This stretch of the Sierra Madres offers numerous sites that make leaving the crown jewel of San Miguel worthwhile. Here are the most delightful detours:
 
Guanajuato, The capital of the state of Guanajuato, this city of 120,000 has been named a UNESCO World Heritage Zone. Built in a deep crevasse, Guanajuato has a distinctly European feel with its many parks and outdoor cafes. The principal park, called the Jardin Union, is surrounded by gorgeous colonial buildings including the magnificent Teatro Juarez. Subterranean tunnels keep much car traffic out of the center of town. The many historical and cultural sites worth visiting include Diego Rivera’s boyhood home, an iconography museum of Don Quixote images (the city is the host to a three-week Cervantes festival in October) and the eerie Museum of the Mummies.
 
Pozos, Less than 45 minutes from San Miguel is the rugged town of Pozos, officially known as Pozos de Mineral. For several centuries, Pozos produced an assortment of minerals, from silver to mercury, and the town, now mostly in ruins, has the mines to show for it. Recently, newcomers have begun renovating crumbled buildings, turning them into hotels, restaurants and art galleries. Pozos has been called by some the “Next San Miguel” and described as looking like San Miguel did 40 years ago. Spend the day walking the cobblestoned streets, exploring the mines and eating lunch in a shady courtyard of one of four delightful restaurants.
 
Dolores Hidalgo, This is where Father Miguel Hidalgo delivered the famous “El Grito de Dolores,” the battle cry that begun the Mexican War for Independence in 1810. The main square is beautifully preserved, with the rose-colored Parroquia de Nuestra Senora de los Dolores — the church where Hidalgo issued el grito on the north side.

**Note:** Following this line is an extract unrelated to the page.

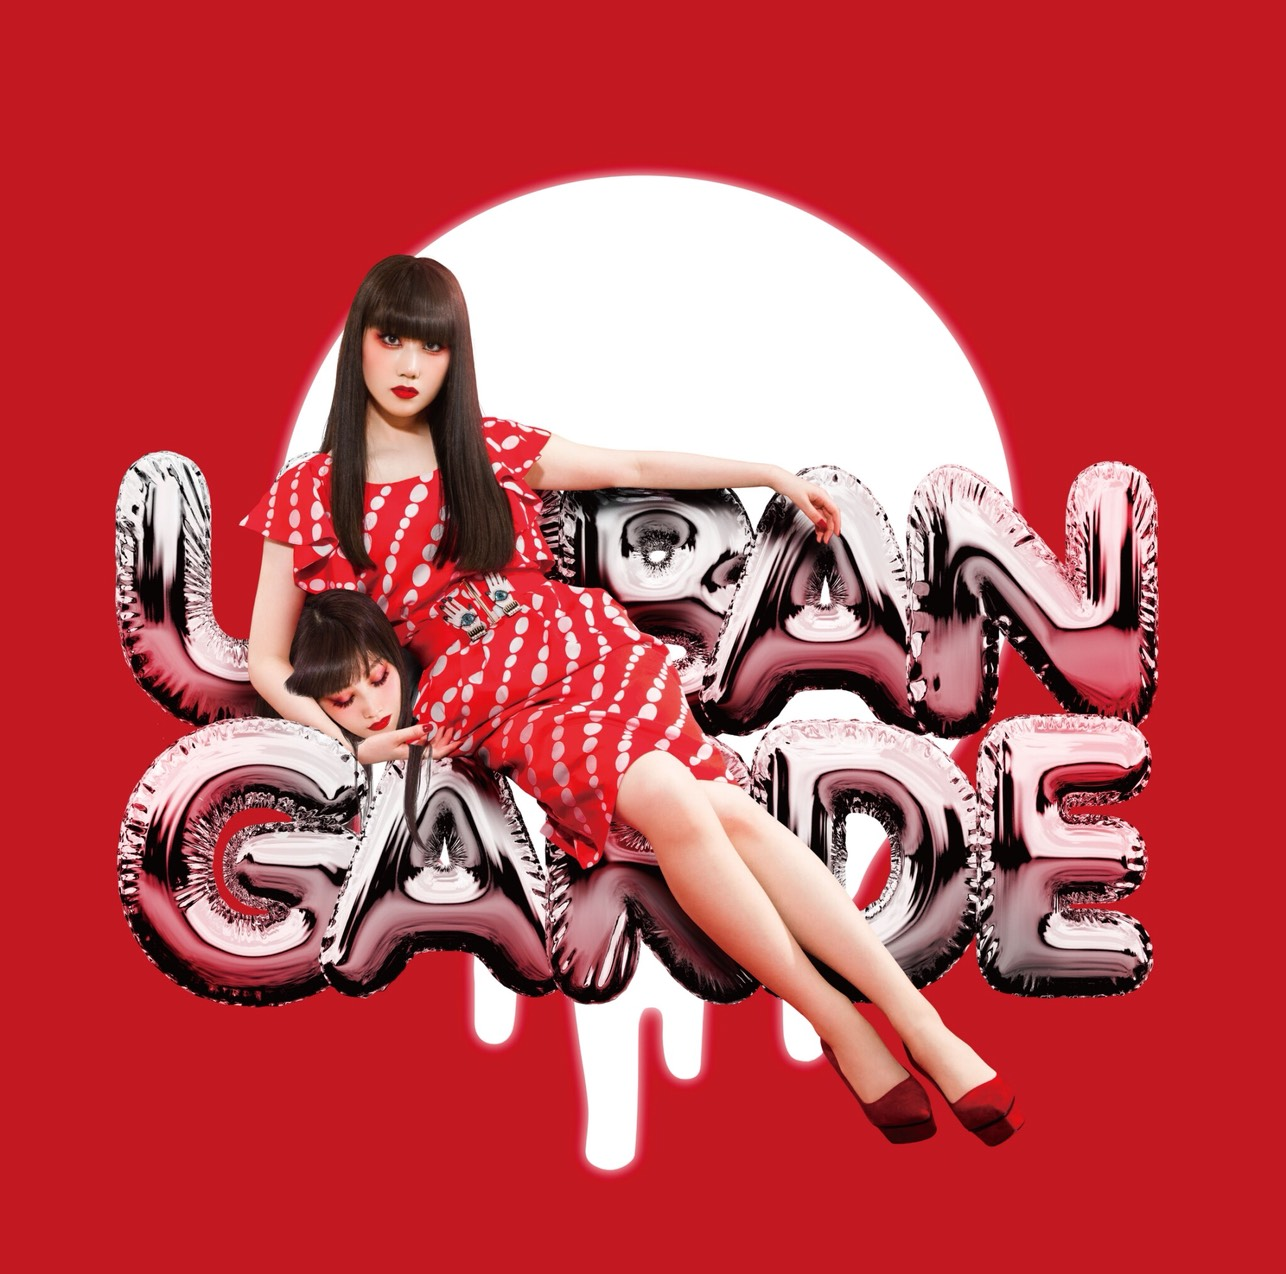 RMMS-URBANGARDE-Ai-to-Gensou-no-URBANGARDE-Limited-Yoko-Hamasaki

The town, 30 minutes north of San Miguel, is known for its homemade ice cream and talavera tile.
 
Atotonilco, The main reason to stop in this pueblo 15 minutes north of San Miguel is to see the fascinating Sanctuary of Atotonilco, an important Mexican shrine and a United Nation’s World Heritage site. The walls and ceiling of the church and the six chapels, built in 1740, are adorned with intricate frescoes and folk murals.
 
Querétaro, The capital of the state of Querétaro is one of the most surprising colonial cities in the area. It has a very well preserved historical center with several of magnificent old mansions and some of the country’s finest architecture. It is a lively and undiscovered city that is prettiest at night with its many plazas filled with bars and restaurants. It is said to be one of Mexico’s cleanest cities and 1996 it was inscribed as a World Heritage Site because of its unique street plan and colonial monuments. Main sites of interests are the Church of San Francisco; the former monastery Museo Regional de Querétaro and the former market square Plaza de la Constitución. Don’t forget to shop for Mexican opals that are mined nearby.
 
Hot Springs
 
To the north of San Miguel is a seam of thermal springs that you can enjoy at one of the several balnearios along the road toward Dolores Hidalgo. A local favorite is La Gruta (tel. 185-2099), a sophisticated spa with several pools, one inside a man-made cave, lovely grounds and a restaurant. Another balneario worth visiting is El Escondido (185-2022), where three interconnecting indoor pools get progressively hotter. The best spot for children is Balneario Xote (614-5889), with its many slides and water-spewing mushrooms.
 
Monarch Butterflies
 
The most beautiful and plentiful of the many visitors that come to Central Mexico in the winter is the glorious Monarch butterfly. In the mountains of the state of Michoacan, three to four hours south of San Miguel, are two butterfly sanctuaries open to the public. Hundreds of millions of monarchs spend the winter clinging together in clumps that look like large growths of Spanish moss dripping from fir-tree branches. They come to this remote and high (10,000 feet) spot from all over the U.S. and Canada to hibernate and, as the weather warms, to mate. The mining town of Angangeuo is the closest staging point to both preserves. The best times for viewing the monarchs is February and early March.